上述代码是如何运行的？首先，你储存了新模式，然后创造了一个switch语句去区分三种不同的状态，在此假设kEditMode声明为默认的。

对于每种状态，你使用了CCSprite颜色属性去设置屏幕上的每个对象的颜色。

在状态kRopeAnchorPineappleMode中，你将背景颜色设置为关闭，并打开所有菠萝。

在状态kRopeAnchorMode中，你改变了颜色所以背景便被激活了，同时还有所有菠萝—-除了带有newRope首个锚点ID的菠萝。

最后，在kEditMode中，将背景颜色以及所有菠萝颜色设为默认颜色。

是时候明确这一代码是否是你想看到的了！

在LevelEditor.mm中找到createRopeAt:，并用如下代码替换当前虚拟的执行内容：

-(void)createRopeAt:(CGPoint)position {
[self setMode:kRopeAnchorPineappleMode];
newRope = [[RopeModel alloc] init];
[popupMenu setMenuEnabled:NO];
}

当用户决定创造一条新的绳索时，你设置模式为kRopeAnchorPineappleMode。

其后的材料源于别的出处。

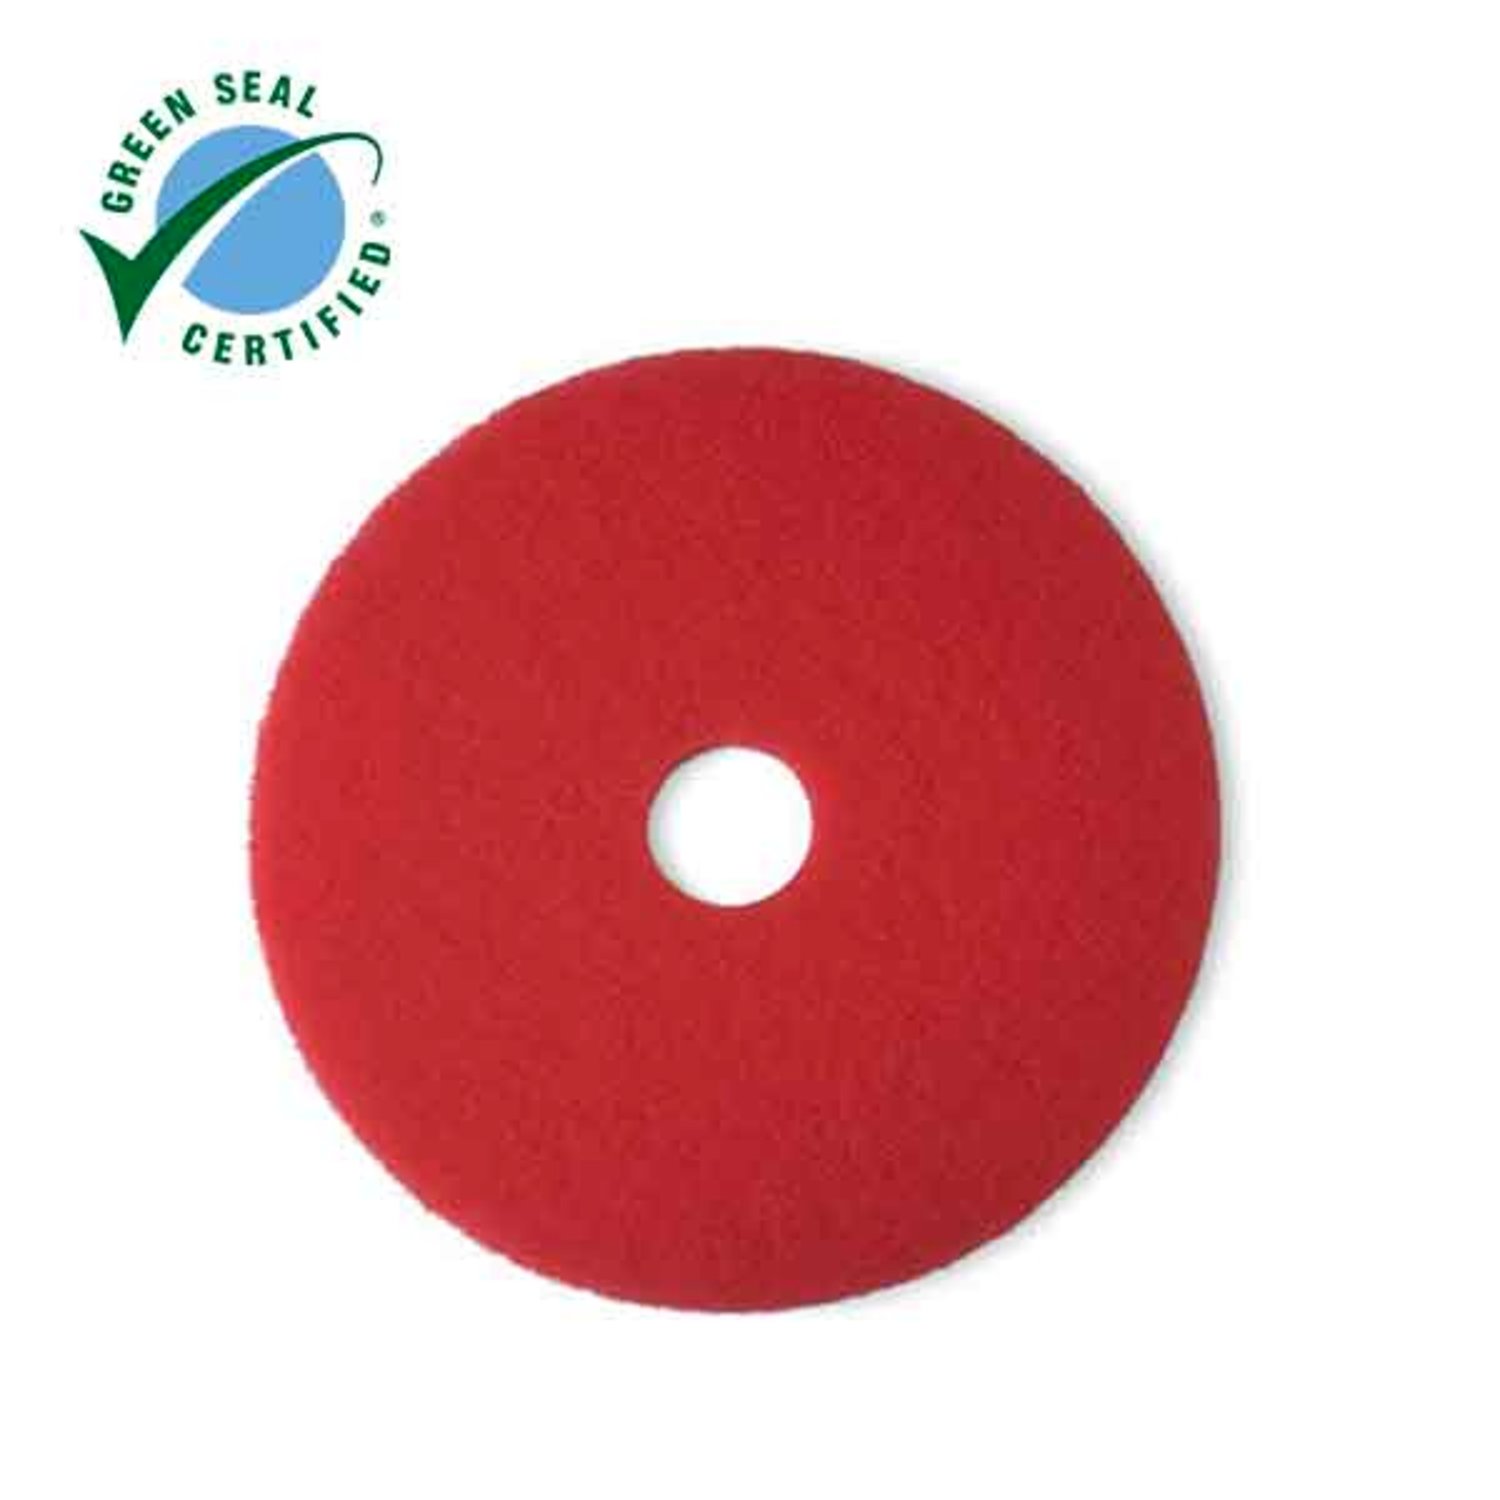 7000120641 - 3M Red Buffer Pad 5100, Red, 560 mm x 82 mm, 22 in, 5 ea/Case

这将突出所有菠萝，并告知用户只有这些对象能够作为绳索的第一个锚点。接下来，新绳索将被设置在一个空旷的模式中。最后，因为不再需要弹出菜单，所以你便关闭它。

创建并运行你的项目，在弹出菜单中选择绳索。你将看到背景变成红色而菠萝都变成绿色，如下图：

这看起来很整洁，但是你还不能真正添加新绳索！再次着眼于状态图表并明确你接下来该做些什么：

你需要察觉到玩家是否碰触了菠萝。为此你需要一个能在屏幕上设定位置的方法，并返回在该位置上包含菠萝的CCSprite。

在LevelEditor.mm上添加如下代码：

-(CCSprite*)pineappleAtPosition:(CGPoint)position {
for (CCSprite* pineapple in [pineapplesSpriteSheet children]) {
if (CGRectContainsPoint(pineapple.boundingBox, position)) {
return pineapple;
}
}
return nil;
}

上述代码在所有菠萝中迭代。对于每个菠萝它使用了CGRectContainsPoint去明确特定位置是否位于菠萝的boundingBox内。如果是的话，将返回合适的菠萝。而如果特定点并未位于任何菠萝的边界区域，那么该方法将回到nil。

现在你需要一个方法去执行首个定位点选择。

在LevelEditor.mm添加如下代码：

-(void)selectFirstAnchor:(CGPoint)touchLocation {
// if user tapped on pineapple set it as anchor of the new rope
CCSprite* tappedPineapple = [self pineappleAtPosition:touchLocation];
if (tappedPineapple) {
[newRope setAnchorA:[CoordinateHelper screenPositionToLevelPosition:tappedPineapple.position]];
newRope.bodyAID = tappedPineapple.tag;
[self setMode:kRopeAnchorAnyMode];
}
}

上述方法将碰触位置作为一个输入。然后循环该位置上的菠萝。如果它找到了一个菠萝，它便会将绳索的锚点设置在菠萝的位置上。这便提高的视觉印象，即绳索能够与菠萝连接在一起。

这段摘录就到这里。